I have a UPVC outside door that was installed by a well known window/door company in Bridport, Dorset.

During the past few days it has developed an annoying squeal from the hinges, I would be grateful if someone could explain how I can lubricate these hinges. They are enclosed in a housing that is sealed, I can access the screws to adjust the door itself but cannot get to the spindle.

I have booked a service engineer but I am having to wait two weeks for him to call.


----------



## TeamRienza (Sep 21, 2010)

My uPVC front door simply lifts off the hinges like an old gate. I only found this out recently when moving house. Two doors (outer and inner) close together. I thought we might not get some furniture in.

The removal men simply lifted it off, and replaced it after finishing. Might be best done with some help. Silicon spray is the best lubricant.

Davy


----------



## BrianJP (Sep 17, 2010)

PTFE Spray lubricant will work better


----------



## Penquin (Oct 15, 2007)

or try a little Pledge spray - works wonders IMO.....
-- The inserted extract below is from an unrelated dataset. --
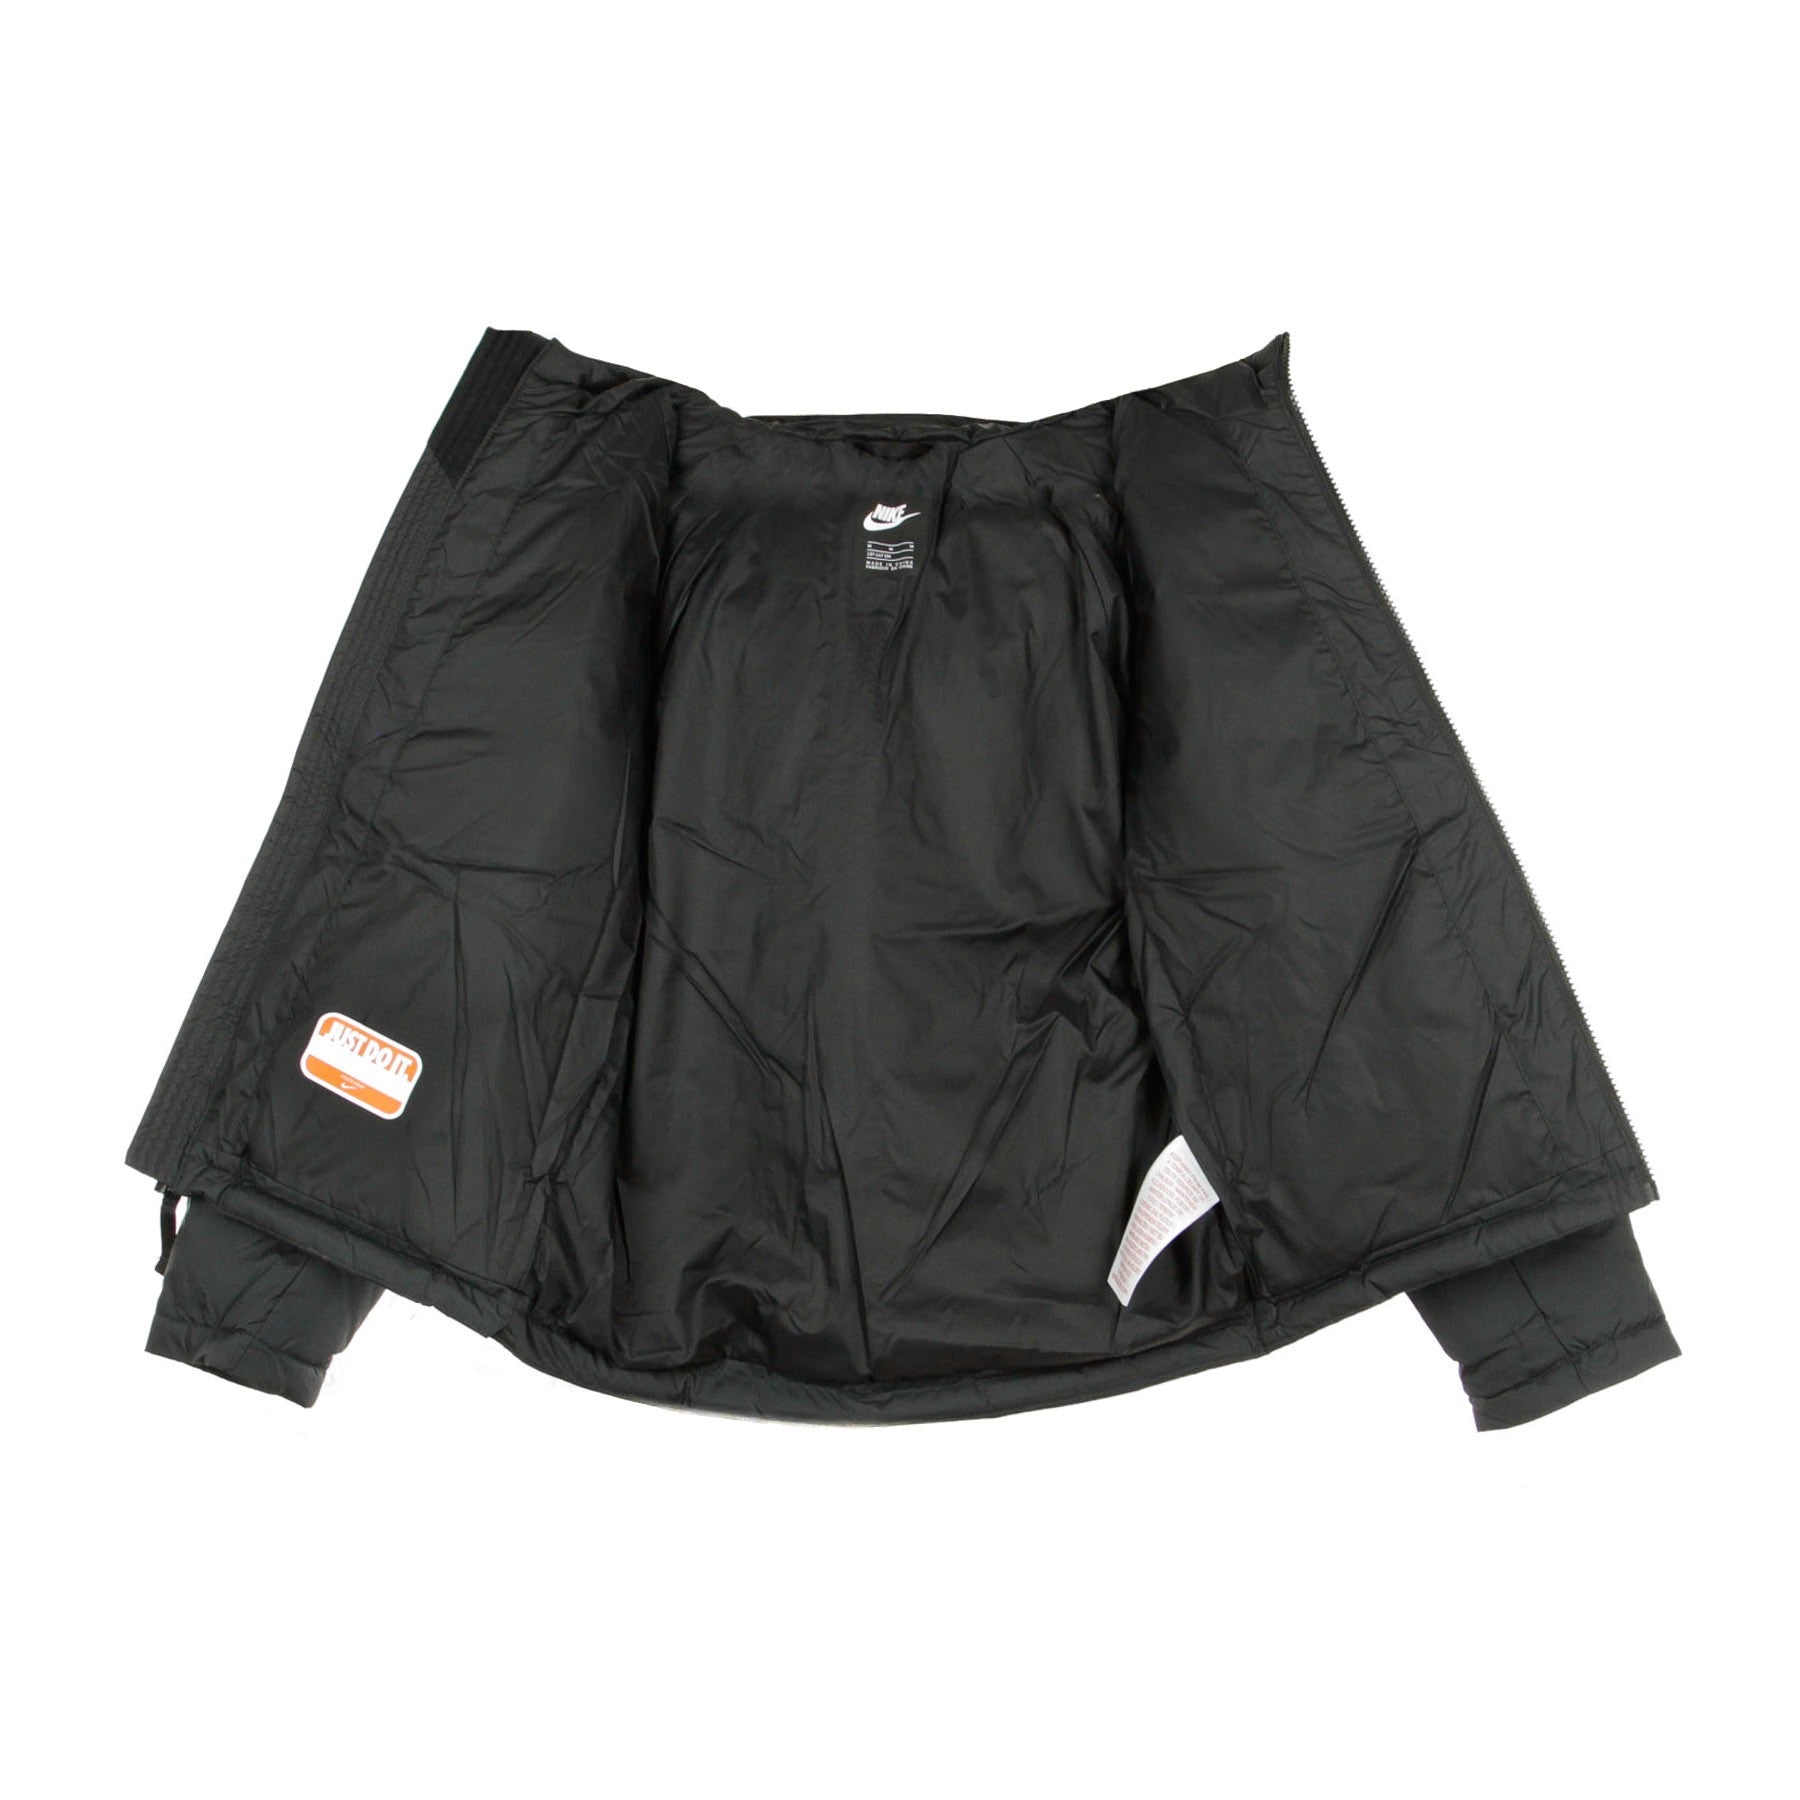 Piumino Ragazza Sportswear Synthetic Fill Jacket Black/black/black/white CU9157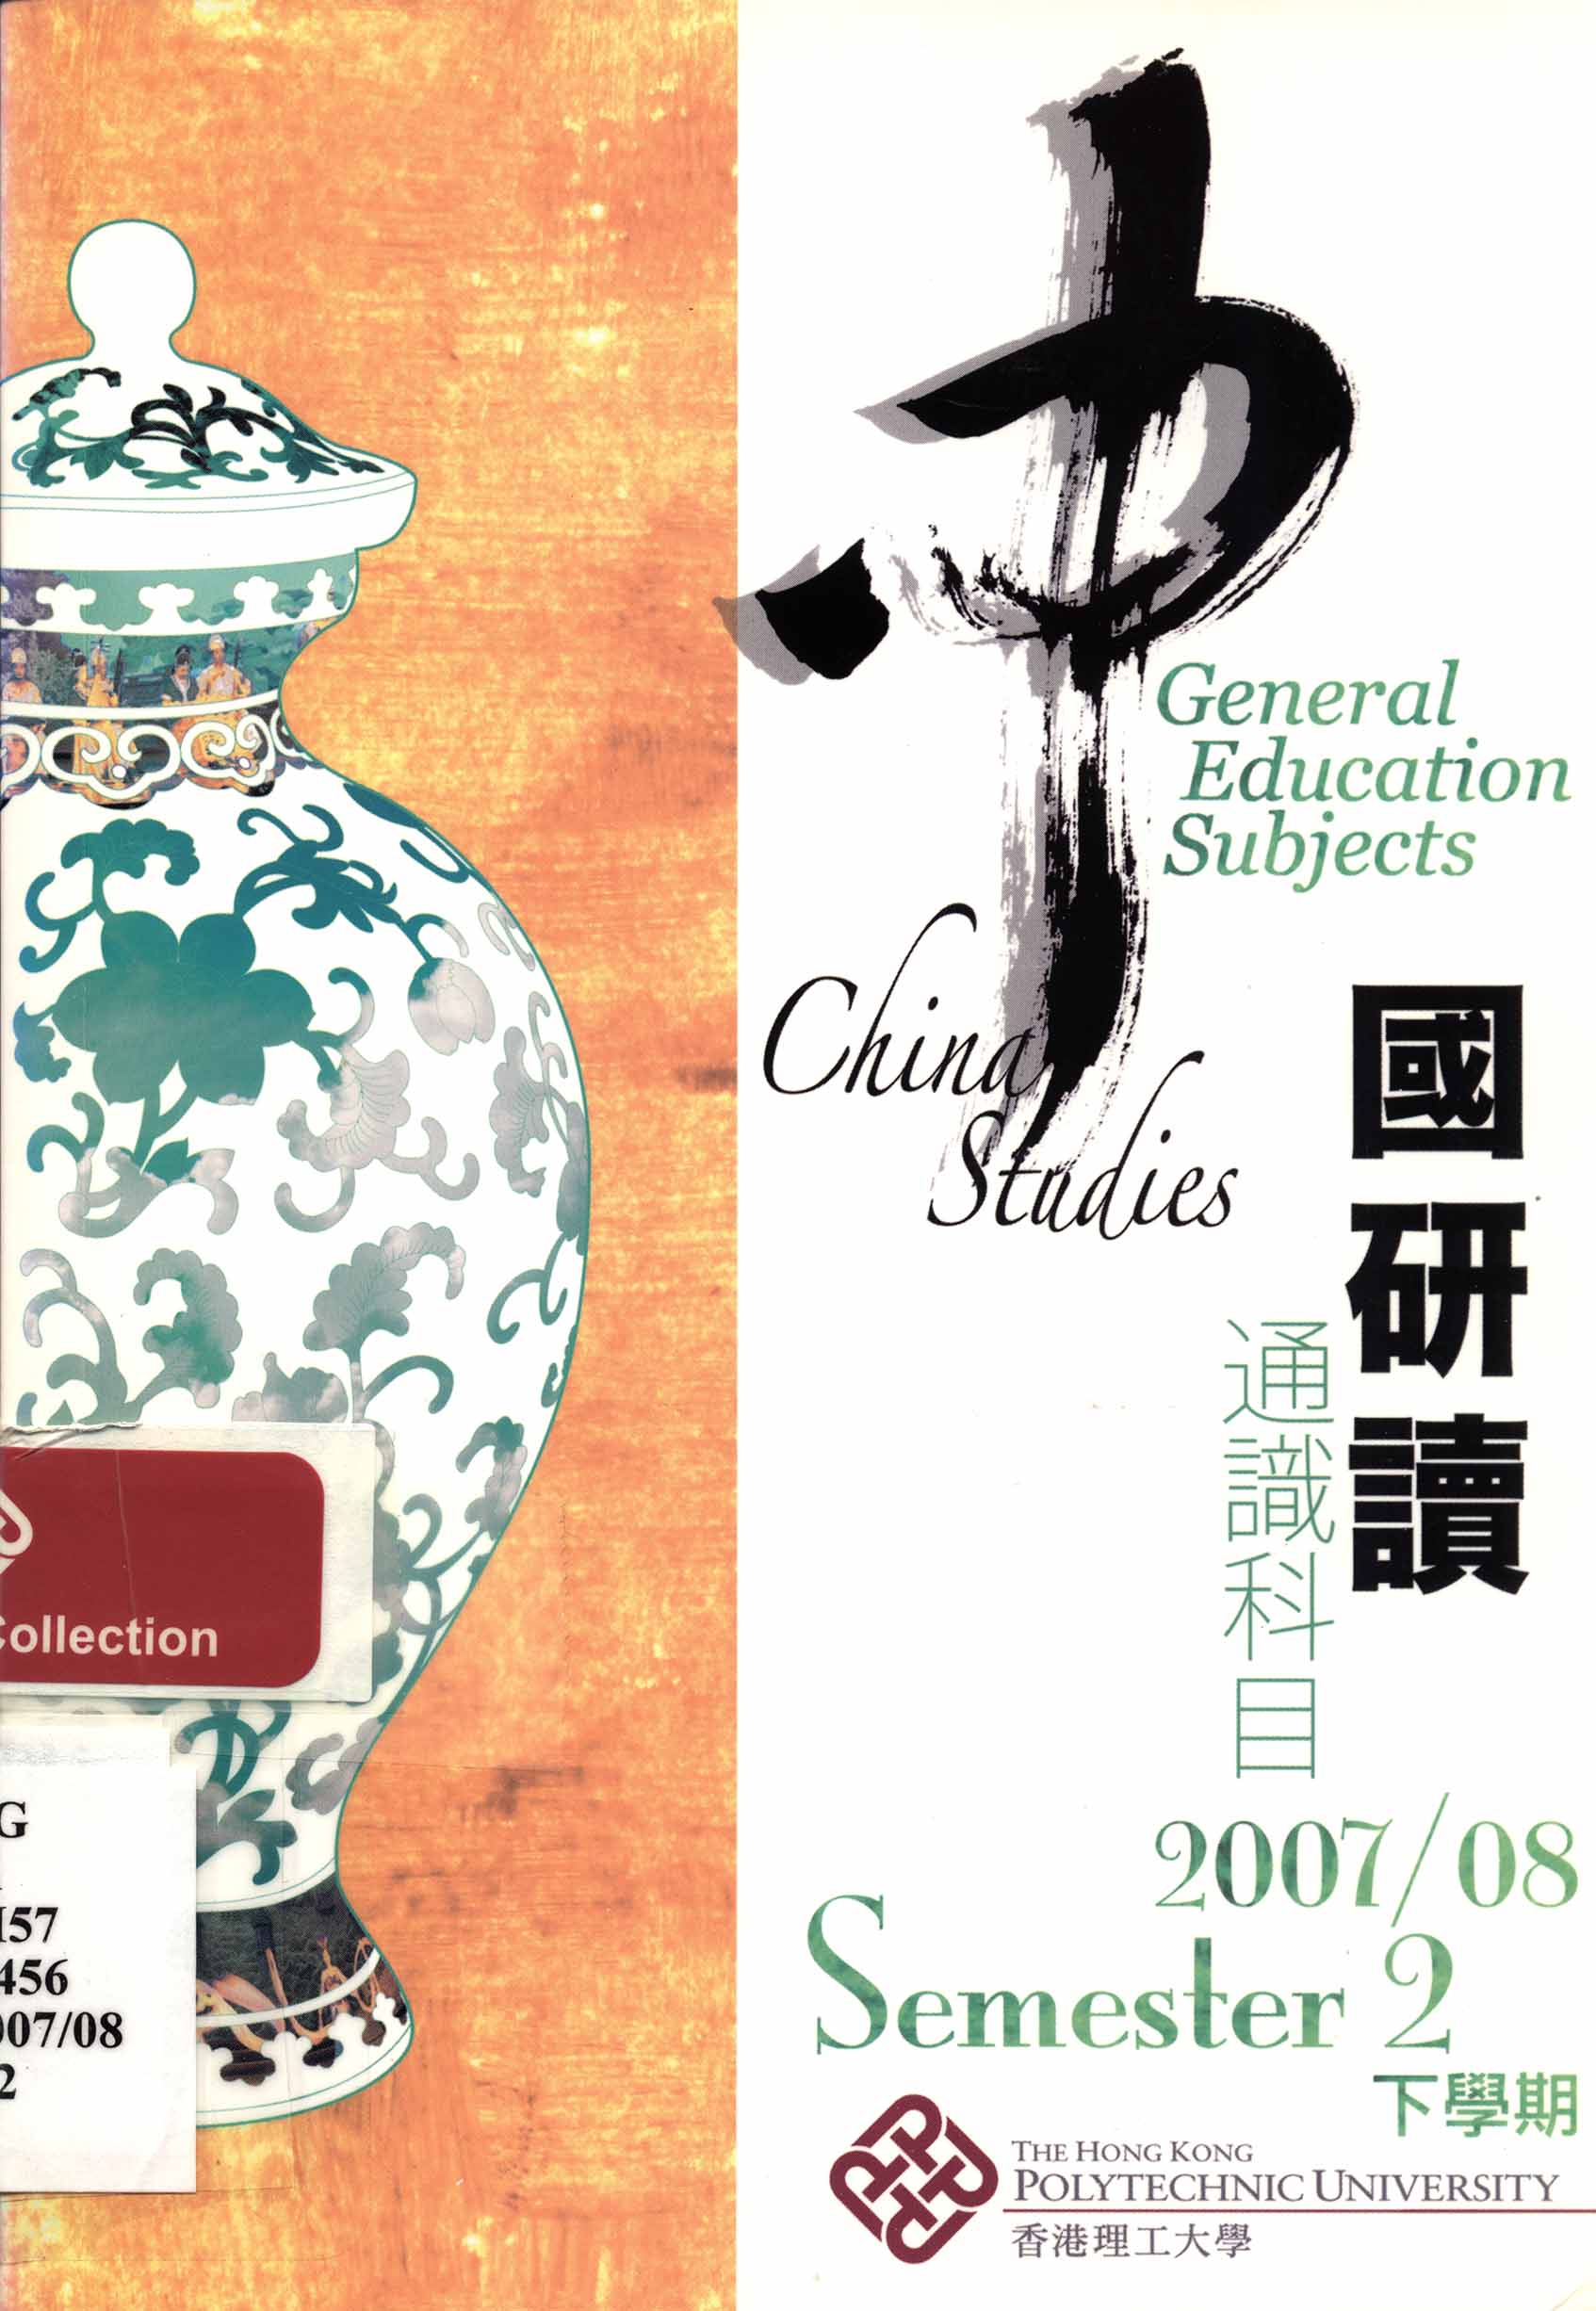 China studies general education subject [Semester 2 of 2007/08]

(Other silicon furnish polishes are available....)

Dave


----------



## dovtrams (Aug 18, 2009)

TeamRienza said:


> I only found this out recently when moving house. Two doors (outer and inner) close together.
> 
> Davy


first glance, I thought you were taking the doors with you!

Dave


----------



## roxie (Dec 28, 2012)

cooking oil wors.


----------



## cabby (May 14, 2005)

Only if used by a virgin called Olive.

cabby


----------



## Pudsey_Bear (Sep 25, 2008)

Some sprays can damage the plastic, I'd wait for advice from the pros.


----------



## pippin (Nov 15, 2007)

I second the PTFE idea.


----------